The Reflection Pool

Three Steps to Better Leadership

I reflect often on my leadership practices.  I want to be as transparent as possible about my values, my thinking and my growth as a leader.

(c) All rights reserved by Matthew Bailey
(c) All rights reserved by Matthew Bailey

I am always conscious of my influence and my impact, which is often where leadership lies.  Here are three things I do to be a better leader:

1)  Listen carefully to what others are saying.  One of Steven Covey’s most famous quotes is “Most people do not listen with the intent to understand; they listen with the intent to reply.” True listening means being fully present as you pay close attention to other’s words, expressions and body language. When people feel listened to, communication improves and we can have an open and trusting conversation.

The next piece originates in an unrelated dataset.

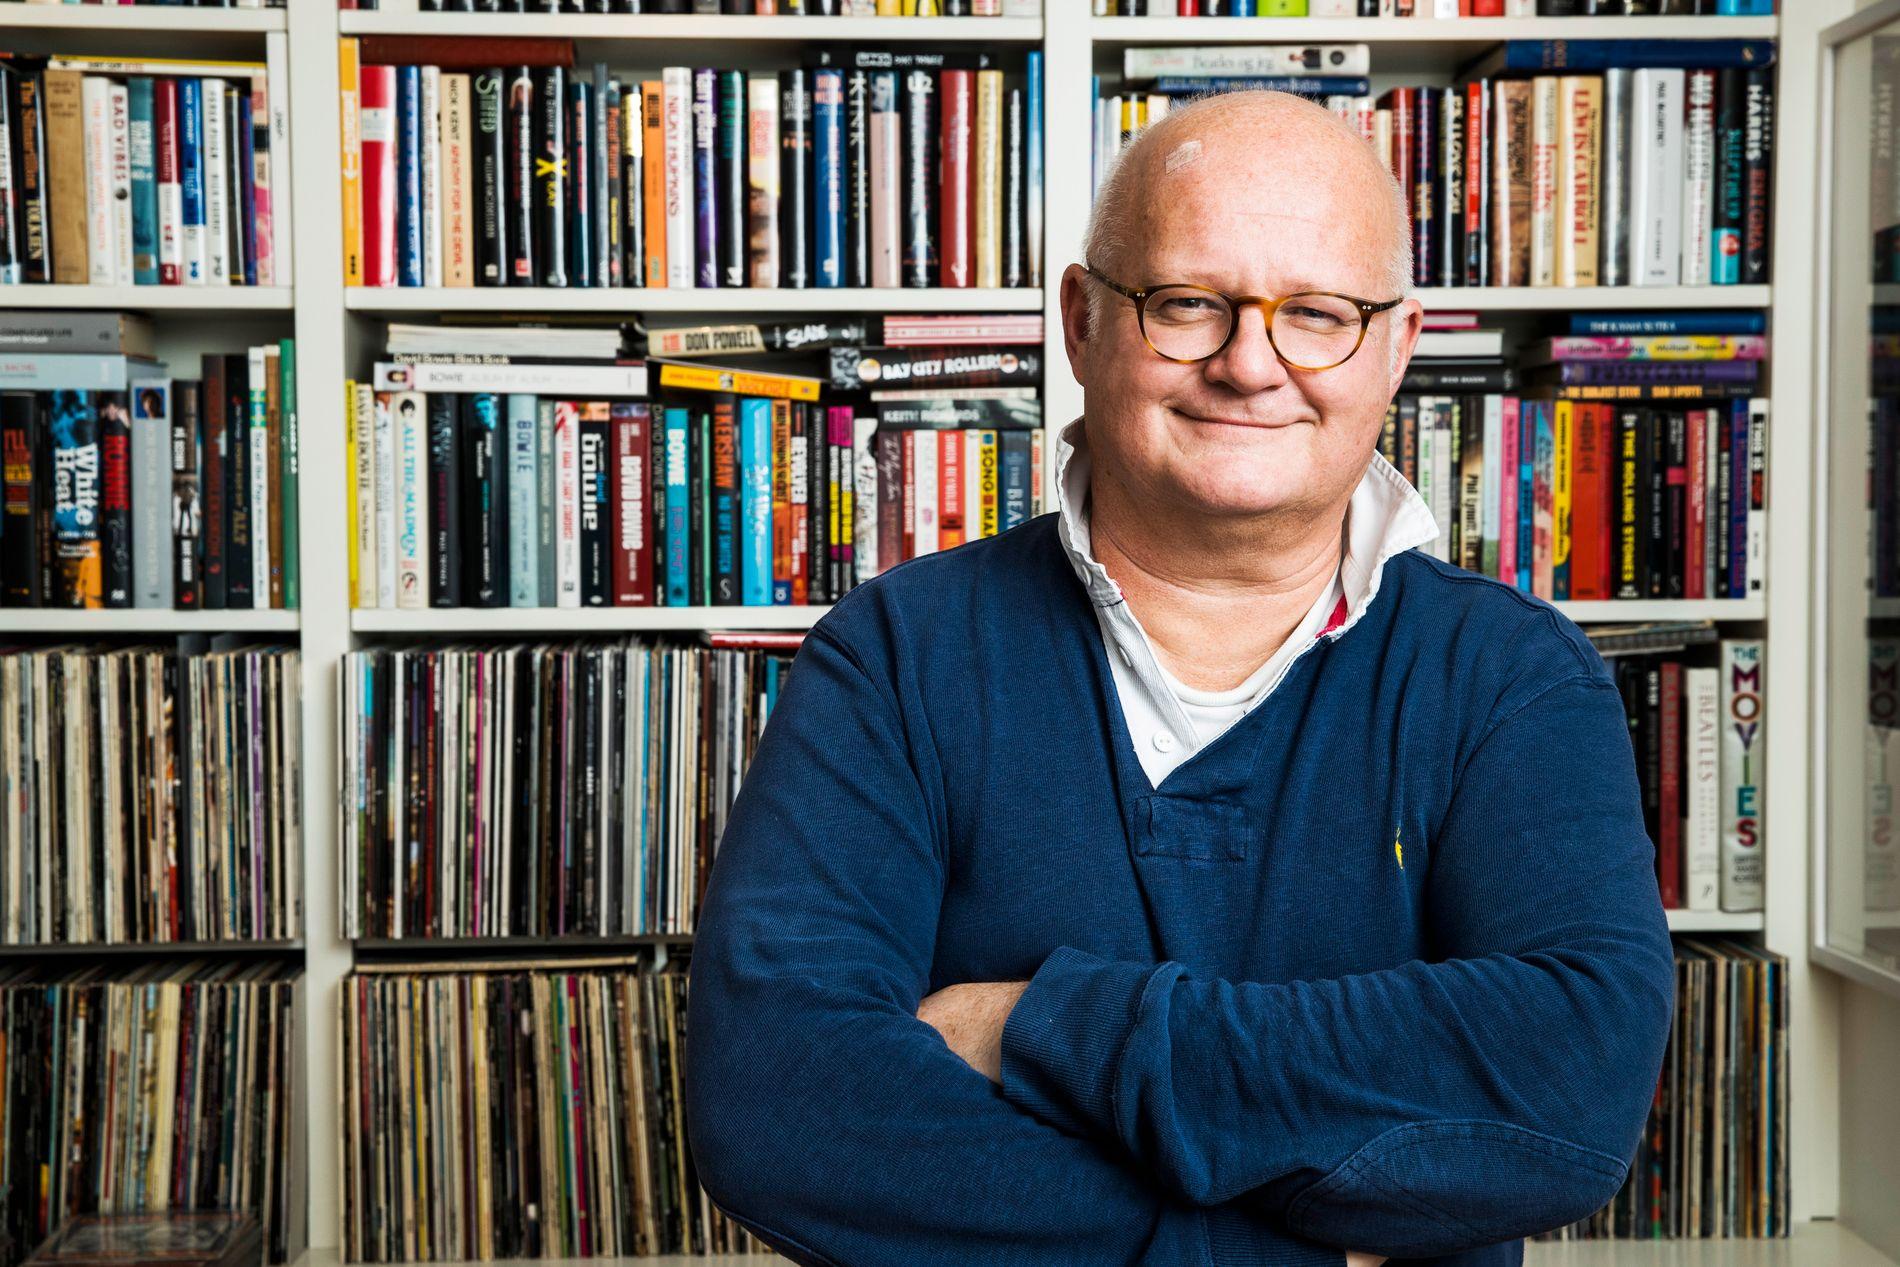 VIL STOPPE BJELKE: NRK vil stoppe Finn Bjelkes nye program på Radio Vinyl fordi det er for likt «Popquiz» som Bjelke ledet på NRK.

2)  Make a commitment to action. Think carefully about what actions you can take and what you can commit to. Instead of saying, “I’ll call you back”, say “I’ll connect with you by Friday to let you know where we are with this.”  Then do it.

3)  Admit mistakes. This may be one of the hardest things for a leader to do. Some people think admitting failure or mistakes shows weakness. I want to shine a light on them.  Tell those affected that you made one and apologize for any harm.  Then, and most importantly, share what you’ve learned and how you’re going to do things differently.

These three steps may seem self evident.  I can tell you that when you are caught up in intense events or with a million things to do on your plate, it can be easy to let them go. Leadership means that you remember your commitments and your values.

Whether you find yourself in the classroom, in a school office or at central office, we all have leadership challenges. What steps can you take to be a better leader?

4 thoughts on “Three Steps to Better Leadership

  1. Thank you for providing these three steps Sue. The third one is the toughest for me – not always easy to admit your mistakes. Having said that, I agree with you that sharing what you’ve learned and how you’re going to do things differently is so important for growth.

    1. Thanks for your comment, R. T. Admitting mistakes is difficult, especially because we don’t really live in a culture where failure is OK. Another advantage of talking about my mistakes is that when I make a public commitment to do something – it’s even more of a priority for me!